Но лучше по порядку…
…Я никогда не смотрел на нее как на женщину. Она была и оставалась для меня девочкой с вечно растрепанной косой, в коротком платьице в горошек, с разбитыми коленками и раскрытым ртом — иногда въедливой, порой трогательной, а зачастую — ненасытной губкой, в которую я вливал информацию. Так было, когда ей исполнилось шестнадцать, и потом, когда она уже стала совсем взрослой. Все это время у меня была довольно насыщенная личная жизнь (однажды я даже всерьез подумывал о женитьбе).

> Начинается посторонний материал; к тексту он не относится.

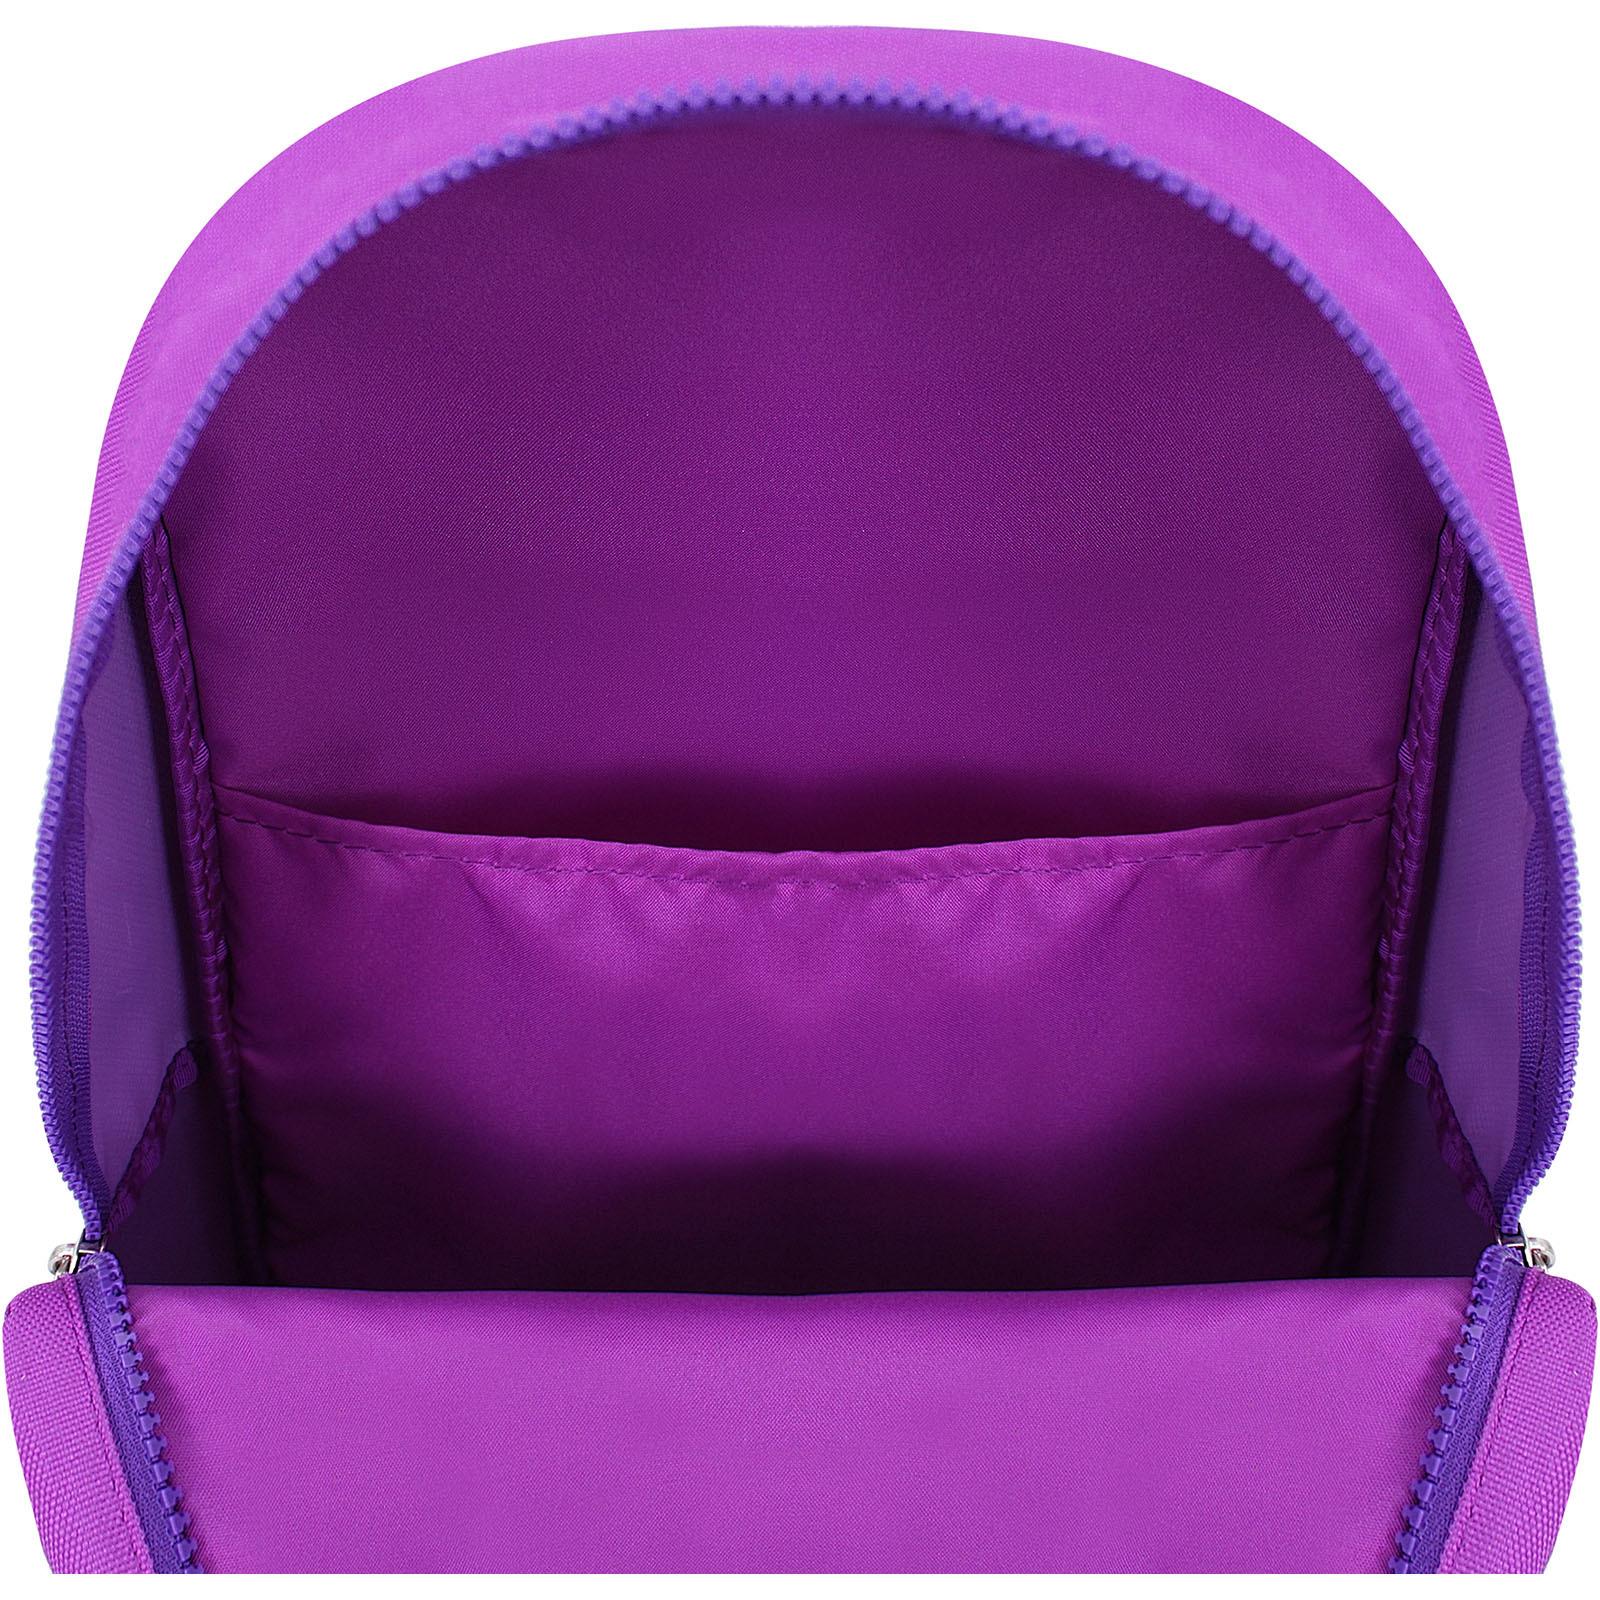 Рюкзак Bagland Amber 15 л. 339 фиолетовый/бузок (0010466) фото 4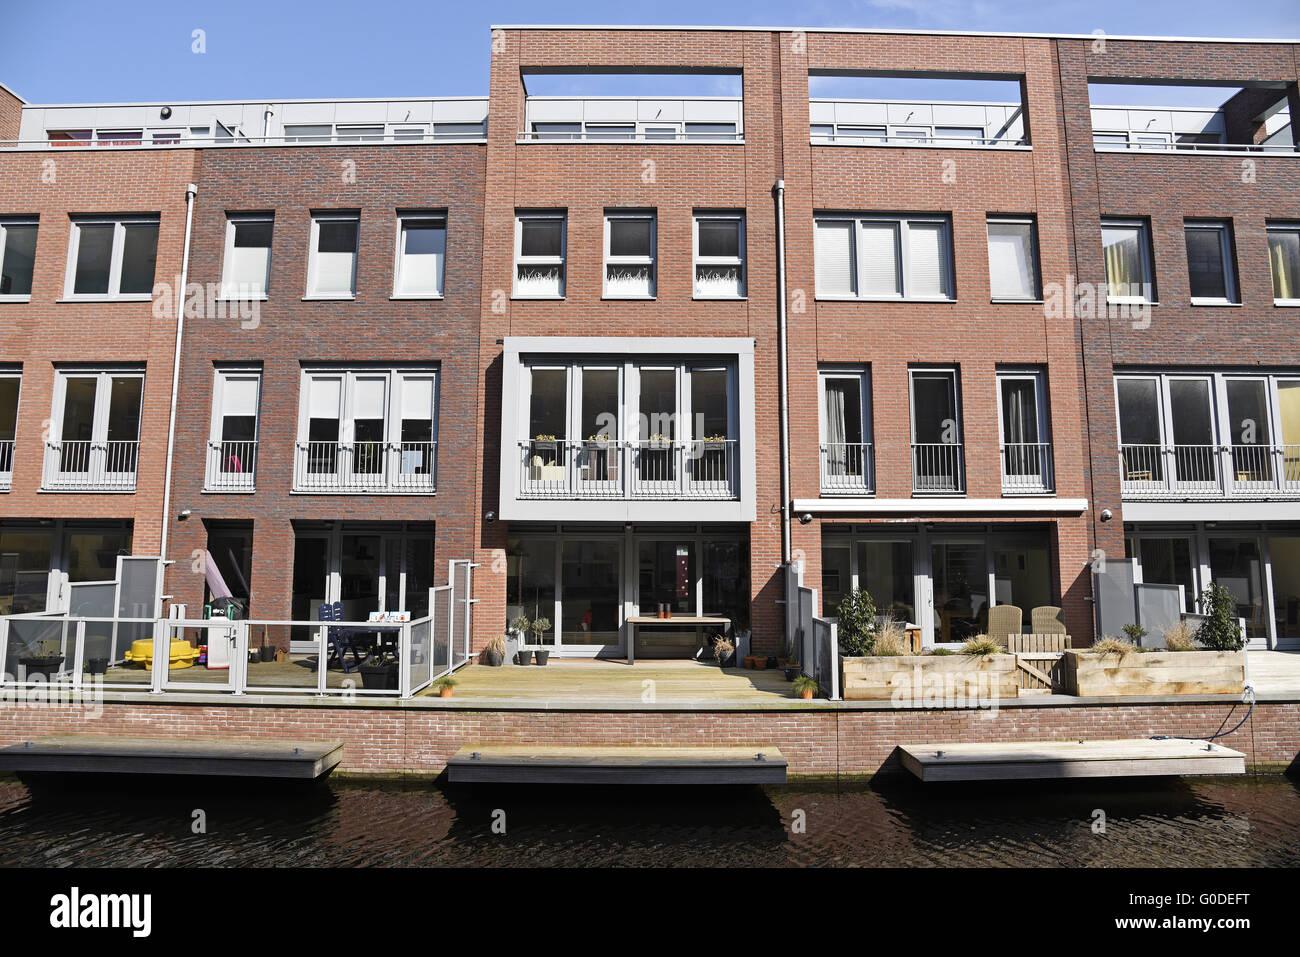 Turfmarkt, Alkmaar, The Netherlands - Stock Image

В двадцать она уже начала спорить со мной, выражать свои порой довольно толковые мысли. И это меня раздражало. Кроме того, я заметил, что ее мышление стало метафорическим, и то, до чего я доходил долгим путем логики — при помощи этого сугубо мужского инструмента мышления, она выдавала за каких-то полминуты, применяя свое воображение. Мы лезли в книги, чтобы проверить, кто из нас прав, и все чаще она радостно хлопала в ладоши и кружилась на одной ножке от удовольствия: ведь она выигрывала. То, чему я должен радоваться, злило меня не на шутку! Я искал любой повод сохранить позиции, переходил к менторству. Основания для этого были: она начала писать. Я категорически возражал. Это мешало учебе и могло хорошенько испортить ей жизнь. Я пытался убедить в этом. Говорил, что почти все писатели — несчастные люди, отравленные словом и алкоголем, что у нее нет никаких перспектив зарабатывать этим на жизнь, что ее никто не поймет и не услышит, потому что, как известно, нет пророков в своем отечестве. А тем более тут, у нас, где ценят только в двух случаях: после смерти или признания за рубежом.
— Что ж, — улыбаясь, говорила она, — придется писать на английском!
— Там ты тоже не нужна. Ты не понимаешь, что говоришь. Лучше займись чем-то действительно полезным.
— Это ты не понимаешь, — возражала она, — слова падают на меня, как снег, ливень или камни, — мне нужно их записать.
Сначала это были стихи. Какие-то странные. Я не мог их оценить. Был напуган тем, что она начала бегать в разные редакции, пытаясь их напечатать. Напрасно! Я радовался этому. Не мог представить, что все так серьезно. Потом она перестала мучить меня своими литературными изысками, и эта тема незаметно стала для нас табу.
Но все равно что-то нарушилось. Я больше не мог быть для нее учителем. Мне было обидно, а она, похоже, радовалось этому.
Иногда, когда она стояла под моей дверью, я делал вид, что меня нет дома, и не открывал. Мучился, но — не открывал. У меня было оправдание: времена менялись с бешеной скоростью, мне стало интересно жить, карьера моя пошла в гору. Я оставил преподавание, занялся бизнесом, впоследствии такой интересной областью, как политтехнологии… У меня больше не было для нее времени. Думал, что нечто такое же происходит и с ней. Пока не настал тот день, когда она просто заночевала под моим порогом. Это было с субботы на воскресенье. Вечером она долго не отходила от дверей, звонила и звонила. А потом, как я решил, ушла.